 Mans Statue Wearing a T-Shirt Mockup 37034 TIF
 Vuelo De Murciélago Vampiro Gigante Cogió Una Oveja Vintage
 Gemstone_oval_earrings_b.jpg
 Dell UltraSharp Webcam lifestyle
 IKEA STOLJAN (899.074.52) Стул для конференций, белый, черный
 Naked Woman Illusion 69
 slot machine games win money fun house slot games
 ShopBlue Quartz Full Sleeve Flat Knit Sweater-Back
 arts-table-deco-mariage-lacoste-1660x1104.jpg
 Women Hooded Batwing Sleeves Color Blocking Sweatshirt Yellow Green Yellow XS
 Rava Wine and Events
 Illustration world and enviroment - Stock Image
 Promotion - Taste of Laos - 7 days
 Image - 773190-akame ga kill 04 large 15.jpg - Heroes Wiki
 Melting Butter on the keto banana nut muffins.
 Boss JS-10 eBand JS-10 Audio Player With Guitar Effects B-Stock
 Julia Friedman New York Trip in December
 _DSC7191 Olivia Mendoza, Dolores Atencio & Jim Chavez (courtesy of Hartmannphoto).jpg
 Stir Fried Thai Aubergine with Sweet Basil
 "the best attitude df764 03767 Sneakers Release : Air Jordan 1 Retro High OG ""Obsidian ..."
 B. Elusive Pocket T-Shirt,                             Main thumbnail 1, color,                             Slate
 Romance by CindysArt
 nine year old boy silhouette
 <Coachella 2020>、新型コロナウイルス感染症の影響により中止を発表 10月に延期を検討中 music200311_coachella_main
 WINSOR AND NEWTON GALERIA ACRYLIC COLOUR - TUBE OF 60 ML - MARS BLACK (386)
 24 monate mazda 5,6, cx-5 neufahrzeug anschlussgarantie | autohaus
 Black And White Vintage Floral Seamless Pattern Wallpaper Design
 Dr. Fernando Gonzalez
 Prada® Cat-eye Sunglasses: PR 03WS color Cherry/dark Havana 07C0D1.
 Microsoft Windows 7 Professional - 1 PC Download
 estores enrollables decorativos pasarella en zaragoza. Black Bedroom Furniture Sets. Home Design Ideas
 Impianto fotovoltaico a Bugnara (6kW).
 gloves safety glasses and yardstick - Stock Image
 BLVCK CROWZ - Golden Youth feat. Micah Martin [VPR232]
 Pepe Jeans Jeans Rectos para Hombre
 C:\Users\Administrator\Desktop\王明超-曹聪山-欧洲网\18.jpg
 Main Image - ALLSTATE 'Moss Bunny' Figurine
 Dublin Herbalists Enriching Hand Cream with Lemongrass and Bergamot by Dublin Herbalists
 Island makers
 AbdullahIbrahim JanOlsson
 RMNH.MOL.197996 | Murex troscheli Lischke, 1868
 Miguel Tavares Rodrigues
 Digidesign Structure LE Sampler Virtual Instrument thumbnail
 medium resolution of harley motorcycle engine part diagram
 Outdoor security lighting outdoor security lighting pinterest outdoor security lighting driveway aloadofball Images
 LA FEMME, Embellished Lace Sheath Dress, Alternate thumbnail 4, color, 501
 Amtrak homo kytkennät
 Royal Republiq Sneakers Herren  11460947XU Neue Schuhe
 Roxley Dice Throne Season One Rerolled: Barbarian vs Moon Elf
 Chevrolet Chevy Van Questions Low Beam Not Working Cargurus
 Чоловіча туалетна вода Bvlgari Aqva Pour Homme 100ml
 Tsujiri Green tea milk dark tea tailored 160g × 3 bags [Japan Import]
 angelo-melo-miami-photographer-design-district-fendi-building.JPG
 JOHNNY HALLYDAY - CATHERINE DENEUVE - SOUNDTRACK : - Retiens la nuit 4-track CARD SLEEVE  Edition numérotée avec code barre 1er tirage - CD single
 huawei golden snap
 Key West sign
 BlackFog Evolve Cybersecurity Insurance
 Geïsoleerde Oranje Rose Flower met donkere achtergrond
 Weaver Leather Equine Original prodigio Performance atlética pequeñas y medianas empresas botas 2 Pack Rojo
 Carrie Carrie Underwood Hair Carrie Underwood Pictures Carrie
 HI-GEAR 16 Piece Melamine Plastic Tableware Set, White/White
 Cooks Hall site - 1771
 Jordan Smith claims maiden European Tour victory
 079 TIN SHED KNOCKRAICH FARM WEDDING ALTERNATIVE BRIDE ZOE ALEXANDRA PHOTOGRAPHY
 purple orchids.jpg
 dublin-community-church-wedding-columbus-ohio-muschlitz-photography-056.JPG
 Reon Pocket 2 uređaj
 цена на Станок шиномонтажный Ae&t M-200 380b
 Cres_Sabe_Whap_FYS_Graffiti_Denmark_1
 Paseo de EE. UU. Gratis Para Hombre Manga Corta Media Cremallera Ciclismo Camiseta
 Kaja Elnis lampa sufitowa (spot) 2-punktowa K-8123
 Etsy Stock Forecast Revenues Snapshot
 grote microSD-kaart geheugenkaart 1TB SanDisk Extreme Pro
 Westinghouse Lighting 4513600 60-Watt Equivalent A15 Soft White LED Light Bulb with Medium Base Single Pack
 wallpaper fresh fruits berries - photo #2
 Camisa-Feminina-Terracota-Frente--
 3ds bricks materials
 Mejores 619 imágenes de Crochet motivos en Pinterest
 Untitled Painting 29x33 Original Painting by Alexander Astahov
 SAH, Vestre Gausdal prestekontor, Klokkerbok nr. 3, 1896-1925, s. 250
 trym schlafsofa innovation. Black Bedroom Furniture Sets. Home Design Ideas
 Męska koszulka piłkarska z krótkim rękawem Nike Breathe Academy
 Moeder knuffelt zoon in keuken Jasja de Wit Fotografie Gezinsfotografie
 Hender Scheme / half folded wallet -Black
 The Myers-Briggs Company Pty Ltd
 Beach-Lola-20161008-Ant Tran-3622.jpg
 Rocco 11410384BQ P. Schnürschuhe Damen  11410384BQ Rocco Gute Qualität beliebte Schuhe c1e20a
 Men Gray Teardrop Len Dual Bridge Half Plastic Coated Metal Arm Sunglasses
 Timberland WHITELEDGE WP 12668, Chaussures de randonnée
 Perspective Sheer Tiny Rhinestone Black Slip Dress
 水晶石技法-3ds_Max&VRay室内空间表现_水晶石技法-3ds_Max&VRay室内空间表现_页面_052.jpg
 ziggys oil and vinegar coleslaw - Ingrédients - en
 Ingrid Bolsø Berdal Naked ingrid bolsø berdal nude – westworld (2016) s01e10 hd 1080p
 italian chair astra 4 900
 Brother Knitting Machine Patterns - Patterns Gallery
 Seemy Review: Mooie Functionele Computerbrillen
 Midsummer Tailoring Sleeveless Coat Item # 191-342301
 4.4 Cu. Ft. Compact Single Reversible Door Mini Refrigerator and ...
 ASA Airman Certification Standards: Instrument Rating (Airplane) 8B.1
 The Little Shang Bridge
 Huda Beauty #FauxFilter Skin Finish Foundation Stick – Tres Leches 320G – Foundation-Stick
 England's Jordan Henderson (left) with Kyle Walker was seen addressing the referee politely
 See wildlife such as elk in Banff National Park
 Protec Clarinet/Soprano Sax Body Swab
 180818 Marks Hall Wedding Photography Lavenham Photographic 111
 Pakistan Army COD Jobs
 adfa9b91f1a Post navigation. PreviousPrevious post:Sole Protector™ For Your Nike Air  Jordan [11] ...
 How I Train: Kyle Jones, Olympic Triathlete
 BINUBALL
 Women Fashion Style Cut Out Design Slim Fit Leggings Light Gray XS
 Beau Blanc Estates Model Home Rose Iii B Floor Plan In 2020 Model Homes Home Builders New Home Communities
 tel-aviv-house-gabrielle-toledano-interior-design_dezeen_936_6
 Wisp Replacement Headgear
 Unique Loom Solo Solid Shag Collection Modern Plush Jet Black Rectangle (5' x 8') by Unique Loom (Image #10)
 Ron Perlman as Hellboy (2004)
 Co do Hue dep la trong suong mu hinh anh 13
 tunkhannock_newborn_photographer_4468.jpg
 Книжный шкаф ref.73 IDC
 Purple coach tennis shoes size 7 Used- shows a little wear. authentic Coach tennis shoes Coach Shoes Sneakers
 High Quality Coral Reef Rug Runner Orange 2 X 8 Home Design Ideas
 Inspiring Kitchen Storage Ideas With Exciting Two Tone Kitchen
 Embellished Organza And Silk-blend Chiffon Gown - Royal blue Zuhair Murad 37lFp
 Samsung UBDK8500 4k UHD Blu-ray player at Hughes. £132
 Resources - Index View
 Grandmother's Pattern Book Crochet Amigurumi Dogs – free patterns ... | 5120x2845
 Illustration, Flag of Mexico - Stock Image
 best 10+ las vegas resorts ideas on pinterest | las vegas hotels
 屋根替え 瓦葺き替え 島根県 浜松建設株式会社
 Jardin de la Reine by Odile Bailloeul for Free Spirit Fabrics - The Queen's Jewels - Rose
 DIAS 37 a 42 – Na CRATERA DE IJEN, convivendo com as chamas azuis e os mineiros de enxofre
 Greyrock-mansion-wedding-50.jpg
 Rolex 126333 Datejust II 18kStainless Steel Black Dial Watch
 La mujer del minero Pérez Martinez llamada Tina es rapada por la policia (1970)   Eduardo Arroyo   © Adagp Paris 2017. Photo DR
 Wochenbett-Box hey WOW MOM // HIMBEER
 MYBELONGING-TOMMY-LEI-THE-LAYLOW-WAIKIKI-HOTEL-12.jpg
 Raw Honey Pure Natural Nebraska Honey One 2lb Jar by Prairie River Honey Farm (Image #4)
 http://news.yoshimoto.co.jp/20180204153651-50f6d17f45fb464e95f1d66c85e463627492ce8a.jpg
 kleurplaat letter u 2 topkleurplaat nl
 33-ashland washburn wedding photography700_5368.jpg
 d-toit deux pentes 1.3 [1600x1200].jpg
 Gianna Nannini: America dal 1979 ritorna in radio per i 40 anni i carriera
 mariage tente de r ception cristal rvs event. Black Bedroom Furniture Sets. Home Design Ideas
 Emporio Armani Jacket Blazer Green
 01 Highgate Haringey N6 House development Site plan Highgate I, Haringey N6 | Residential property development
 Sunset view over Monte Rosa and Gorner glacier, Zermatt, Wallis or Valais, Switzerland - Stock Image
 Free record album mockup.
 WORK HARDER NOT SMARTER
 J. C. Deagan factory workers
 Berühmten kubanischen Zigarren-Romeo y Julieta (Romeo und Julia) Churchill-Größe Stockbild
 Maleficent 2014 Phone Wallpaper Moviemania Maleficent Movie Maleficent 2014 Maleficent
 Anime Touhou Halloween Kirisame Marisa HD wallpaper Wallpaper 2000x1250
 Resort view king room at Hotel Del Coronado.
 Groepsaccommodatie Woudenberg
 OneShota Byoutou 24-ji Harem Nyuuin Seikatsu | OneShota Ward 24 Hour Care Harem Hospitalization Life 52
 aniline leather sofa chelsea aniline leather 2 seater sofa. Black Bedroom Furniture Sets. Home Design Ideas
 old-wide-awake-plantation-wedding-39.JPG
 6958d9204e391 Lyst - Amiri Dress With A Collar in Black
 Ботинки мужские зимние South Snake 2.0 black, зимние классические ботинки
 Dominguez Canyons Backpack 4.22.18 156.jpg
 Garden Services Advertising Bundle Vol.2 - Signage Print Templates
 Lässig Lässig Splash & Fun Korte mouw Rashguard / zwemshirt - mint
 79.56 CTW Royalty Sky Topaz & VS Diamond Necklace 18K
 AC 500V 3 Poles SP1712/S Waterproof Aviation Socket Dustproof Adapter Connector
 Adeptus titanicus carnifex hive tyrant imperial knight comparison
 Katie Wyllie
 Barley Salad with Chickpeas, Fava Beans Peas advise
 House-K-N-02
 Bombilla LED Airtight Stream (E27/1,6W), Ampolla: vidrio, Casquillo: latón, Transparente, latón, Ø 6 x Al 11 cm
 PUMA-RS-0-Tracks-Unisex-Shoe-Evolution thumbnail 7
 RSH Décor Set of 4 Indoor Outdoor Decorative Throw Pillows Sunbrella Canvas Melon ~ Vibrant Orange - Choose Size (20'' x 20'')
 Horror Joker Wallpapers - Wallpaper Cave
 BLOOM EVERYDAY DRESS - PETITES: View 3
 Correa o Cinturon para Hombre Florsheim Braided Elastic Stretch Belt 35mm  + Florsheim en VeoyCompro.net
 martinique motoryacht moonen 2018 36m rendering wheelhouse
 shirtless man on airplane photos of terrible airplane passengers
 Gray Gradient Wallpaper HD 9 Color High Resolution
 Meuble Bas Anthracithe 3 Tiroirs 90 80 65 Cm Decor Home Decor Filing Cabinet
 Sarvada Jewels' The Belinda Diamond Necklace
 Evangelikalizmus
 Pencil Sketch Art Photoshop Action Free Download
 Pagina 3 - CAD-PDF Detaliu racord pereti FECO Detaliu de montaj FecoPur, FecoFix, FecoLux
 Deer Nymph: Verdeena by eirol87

+===+

__What the task requires__:
In the records above, locate every line with the string "Vintage" and copy it.

__Task solution__:
 Vuelo De Murciélago Vampiro Gigante Cogió Una Oveja Vintage
 Black And White Vintage Floral Seamless Pattern Wallpaper Design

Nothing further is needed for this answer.